The two people who used to be my best friends—attacking each other, attacking me. I was used to playing mediator between them, but I couldn’t handle that today, and what was the point anymore? The panic from my conversation with Gyver spilled
over. “We’re friends. Neighbors. Gyver doesn’t think of me that way … He couldn’t.”

“Mi—” Gyver warned.

“Couldn’t? Why couldn’t he? Ohhh. Wow. I get it now.” Hil’s face lit up like she’d just solved a complex choreography dilemma. It made me nervous. “God, it finally makes sense why you two never got together.” She laughed and adopted a faux whisper. “Gyver likes guys.”

“What?” I squeaked. I hadn’t stopped shaking; Gyver’s “I won’t let you” rolled through my mind like a threat.

“Not that I’m judging,” she continued. “I think that’s great, Gyver. I should’ve known. All Mia’s unrequited, angsty pining. And her insistence that you were ‘just friends.’ But you’re gay! That is what you were saying, right, Mia?”

“I …” The cheerleaders were watching expectantly; Hillary standing in the front with hands propped on her hips. Escape! Every part of my mind demanded it. Instead I stared her down. “First, you’re wrong. Second, stalker much? You’ve made it clear we’re not friends anymore, so why do you even care?”

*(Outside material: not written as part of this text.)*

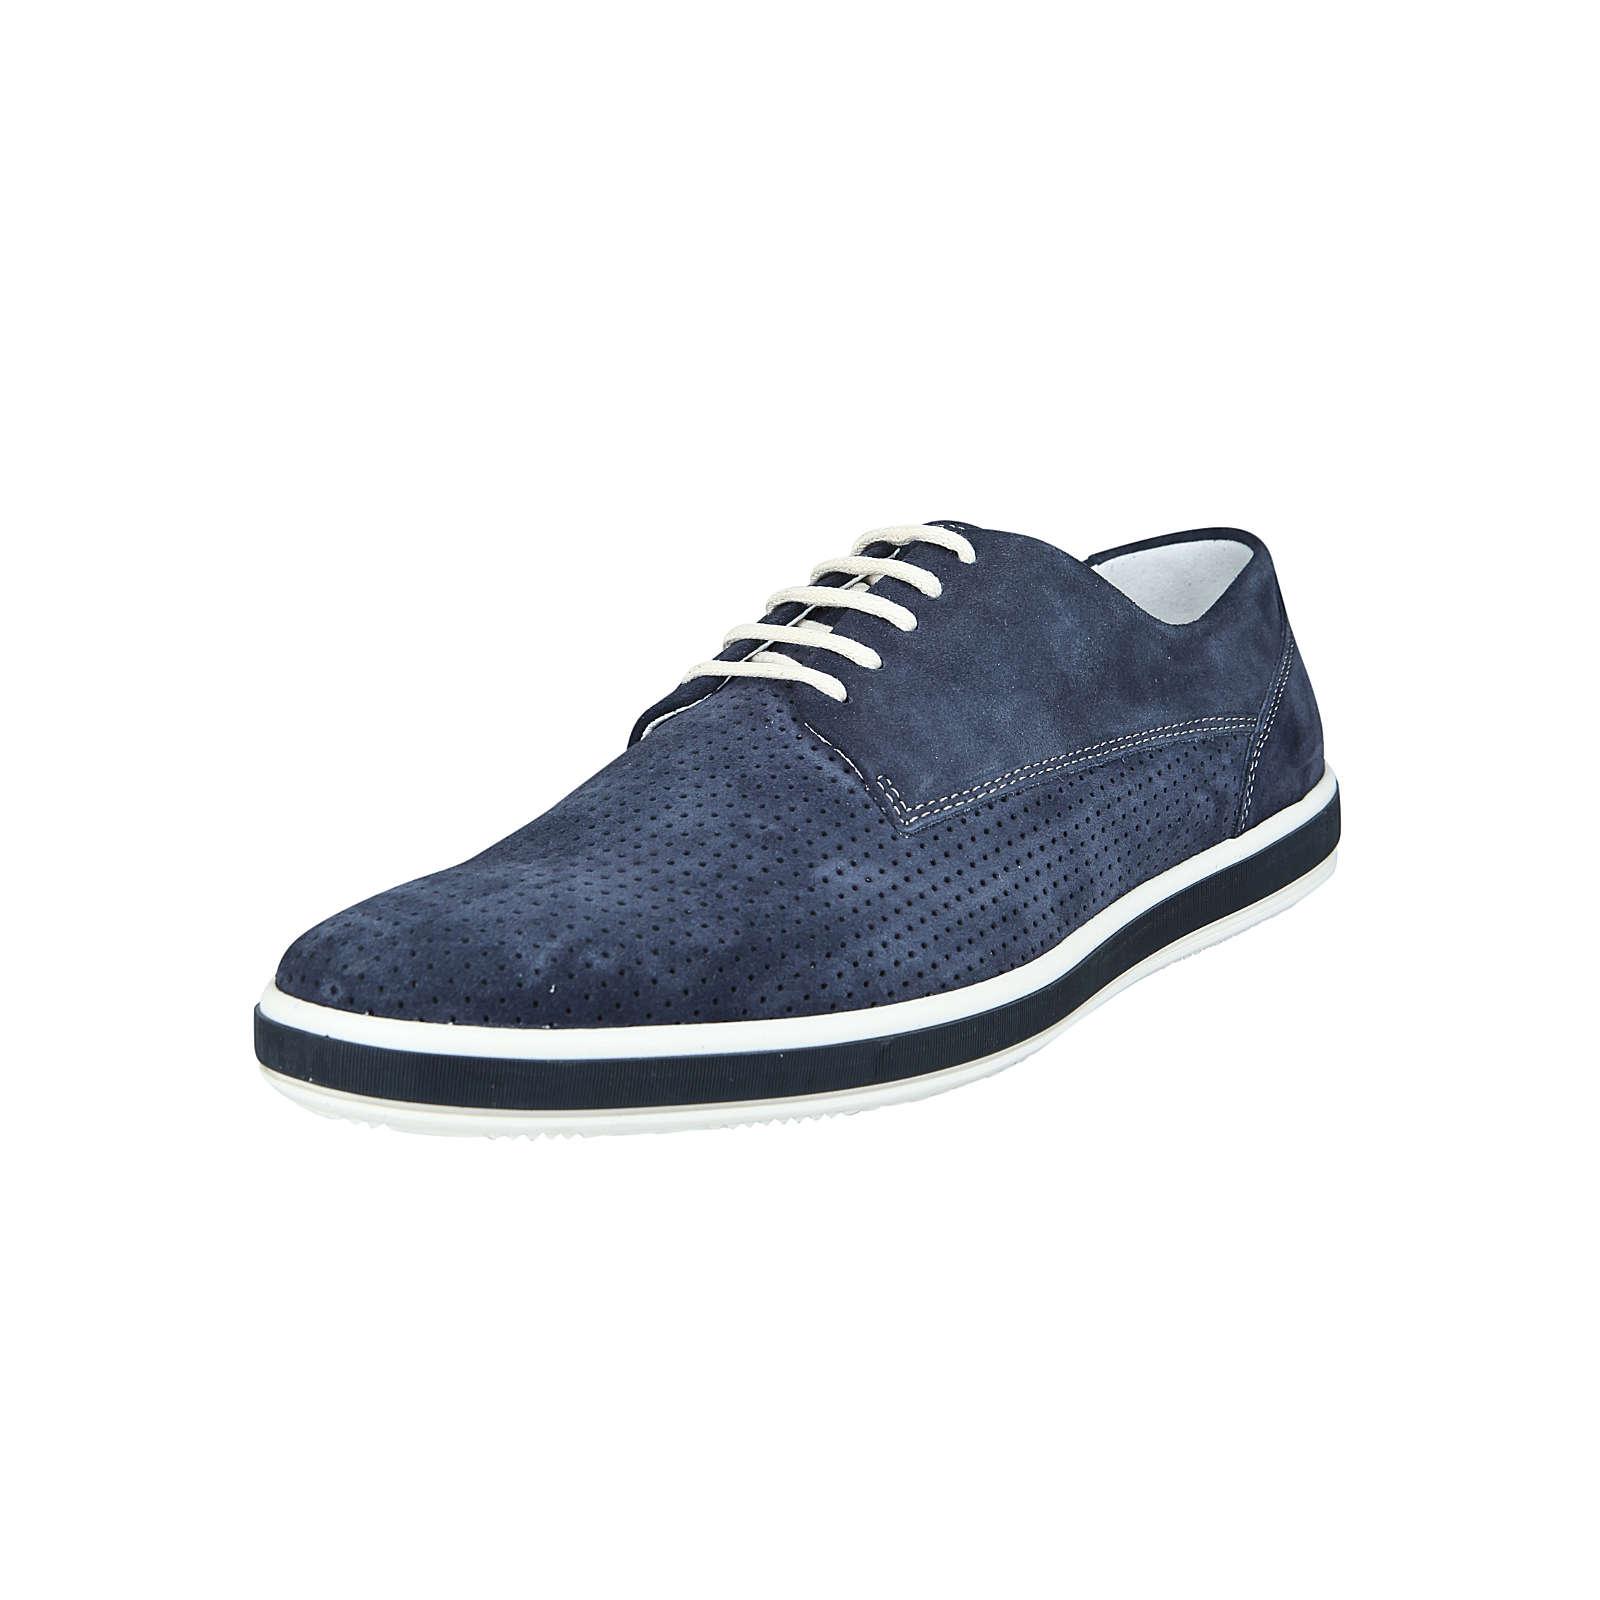 IGI & CO Schuh mit Lochprägung Schnürschuhe blau Herren Gr. 41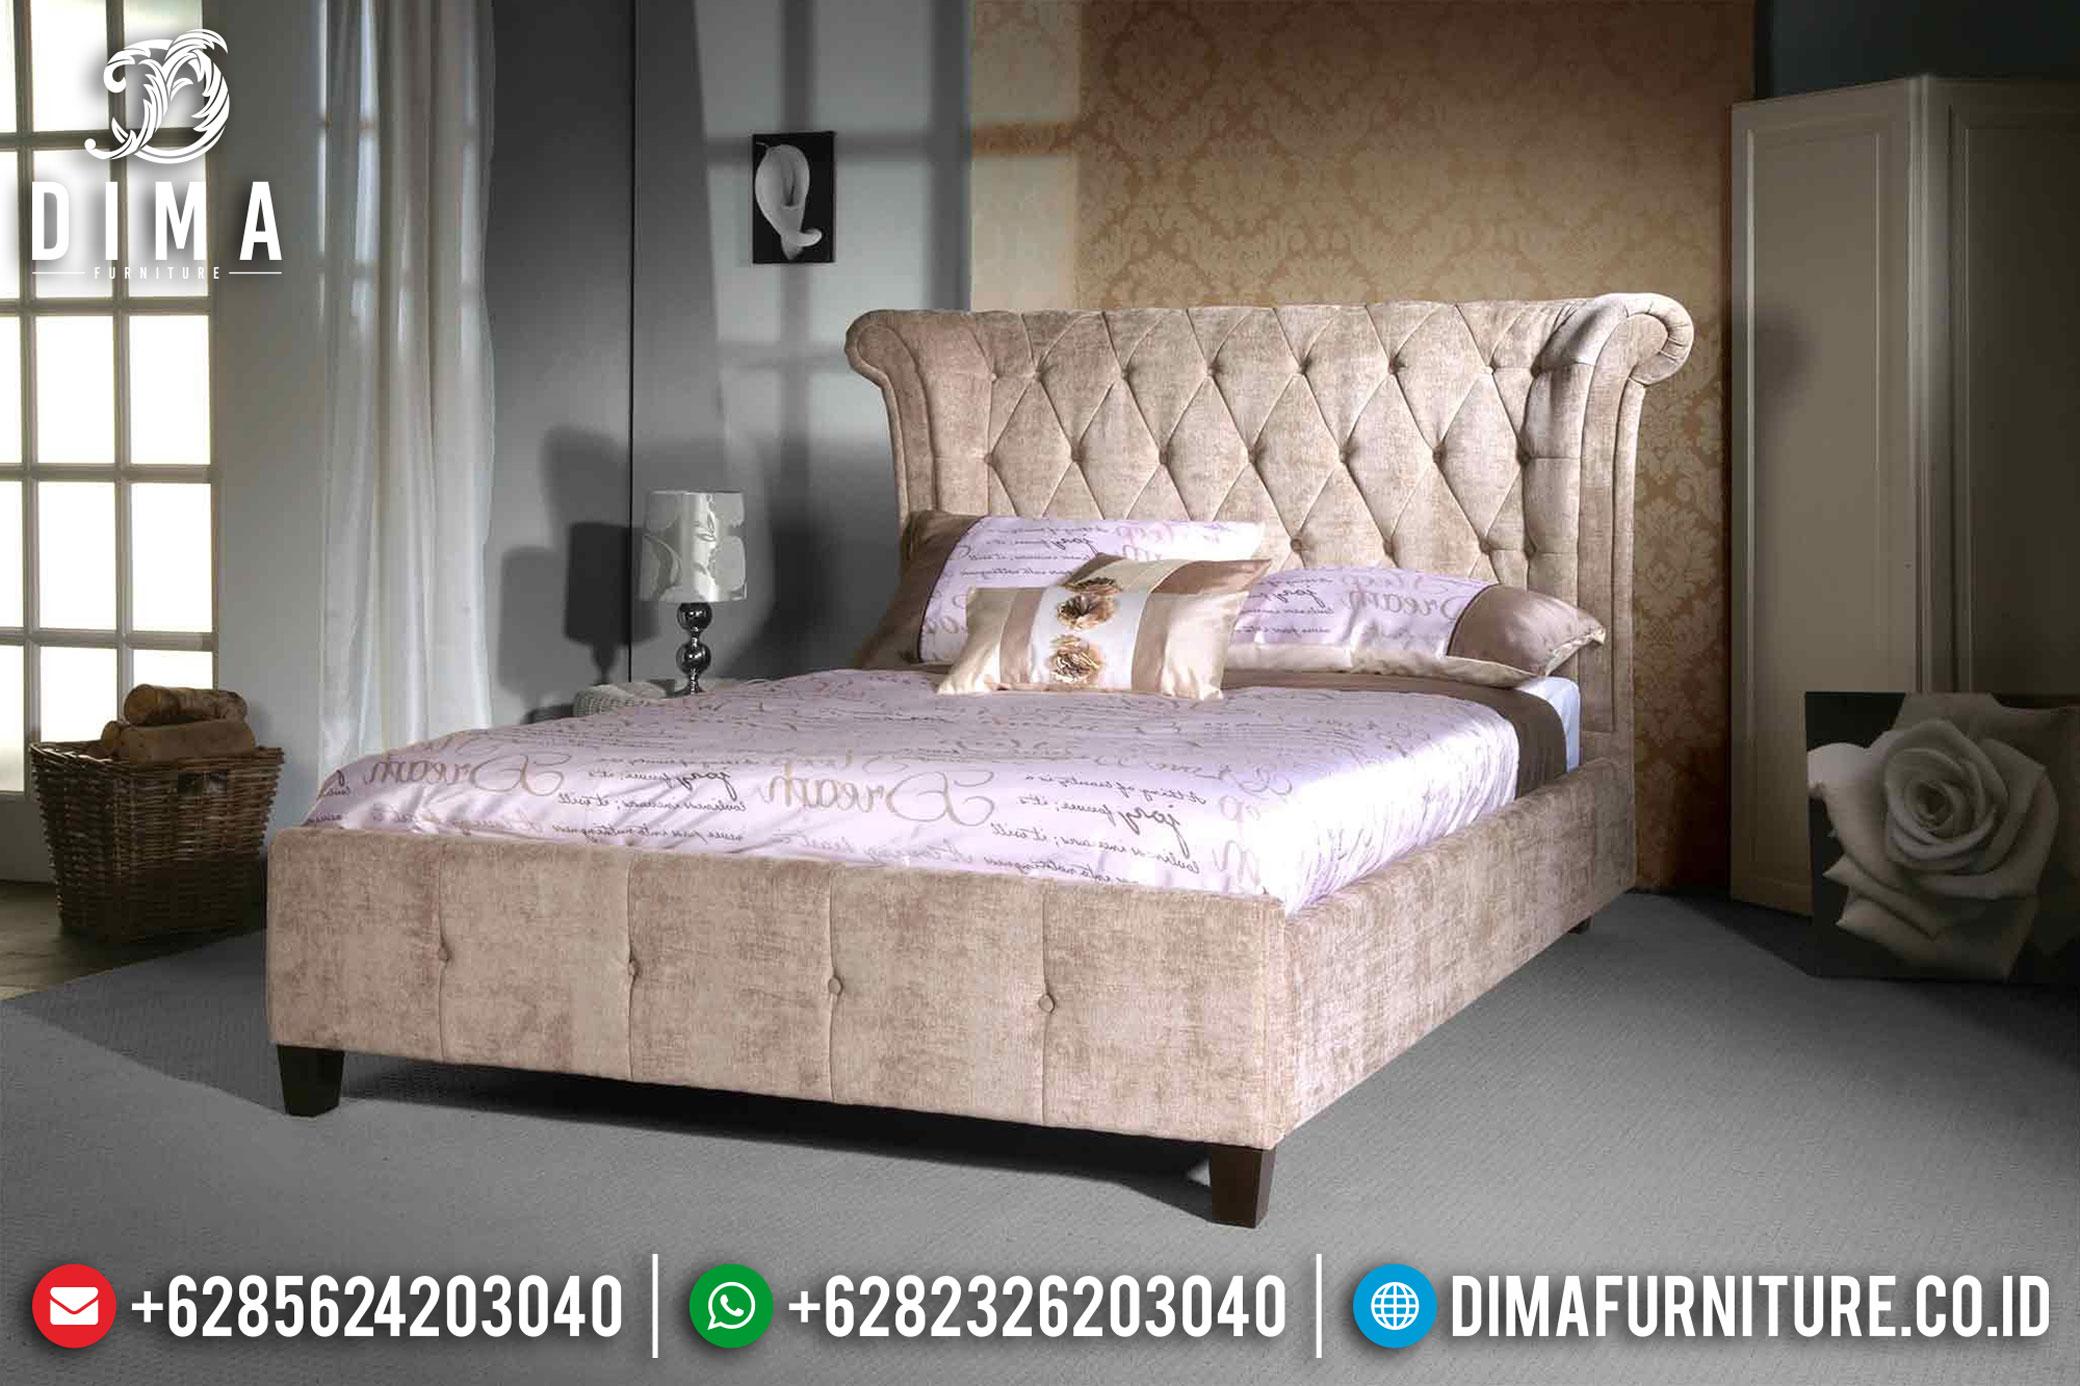 Tempat Tidur Kamar Set Minimalis Jepara Terbaru Mewah Full Cover DF-0365

She blinked, and for a moment her glare slipped to a wince.

I slid my gaze from her to Gyver, offering my next words to both of them. “My life is none of your business. Leave me alone.”

And then I walked away.

Gyver followed. Hil did not. Even if she’d wanted to, her pride would never let her chase me in front of the other cheerleaders.

“Mi.” His voice was soft but condemning. “You don’t mean that. Don’t be an idiot; think about what you’re doing.”

I’m letting go!
I cried inside.
And you make that too hard
. “Just leave me alone. Please. I just want you to leave me alone,” I whispered.

His face transformed into a stony fury I’d never seen before. “Fine. I’m done, Mia. Done. You’re not who I thought you were.” I watched him walk away from me, then turned and stumbled in the opposite direction.

I entered the first door I came to: the gym. Something about my face stopped Ryan in mid-drill. He froze with his hand extended toward the baseline, then stood and jogged to me. “You okay?” he asked, ignoring his coach’s whistle and calls.

I constructed a smile from the scraps of my self-preservation. “I missed you.”

“That’s all? Nothing’s wrong? ’Cause Coach’ll have my ass if I don’t get back to practice.”

“Can I have your keys? I don’t want to wait. My parents are out to dinner with the Russos. Have someone drop you after practice; we’ll have the house to ourselves. No interruptions today, I promise.” My manic sentences without breathing were more crazed than sexy, but I couldn’t pause. If I did, I’d think about what Gyver’d said. What I’d said … “How long till practice is over?”

Ryan inhaled. “Maybe I’ll fake an injury and come with you now.”

I laughed, but Coach Burne didn’t. “Winters! If you don’t
stop flirting and get back to work, your ass won’t leave the bench till basketball season. Now, five extra.”

Ryan grinned. “I’ll do ten extra, but I’ve got to get my keys out of my gym bag first.”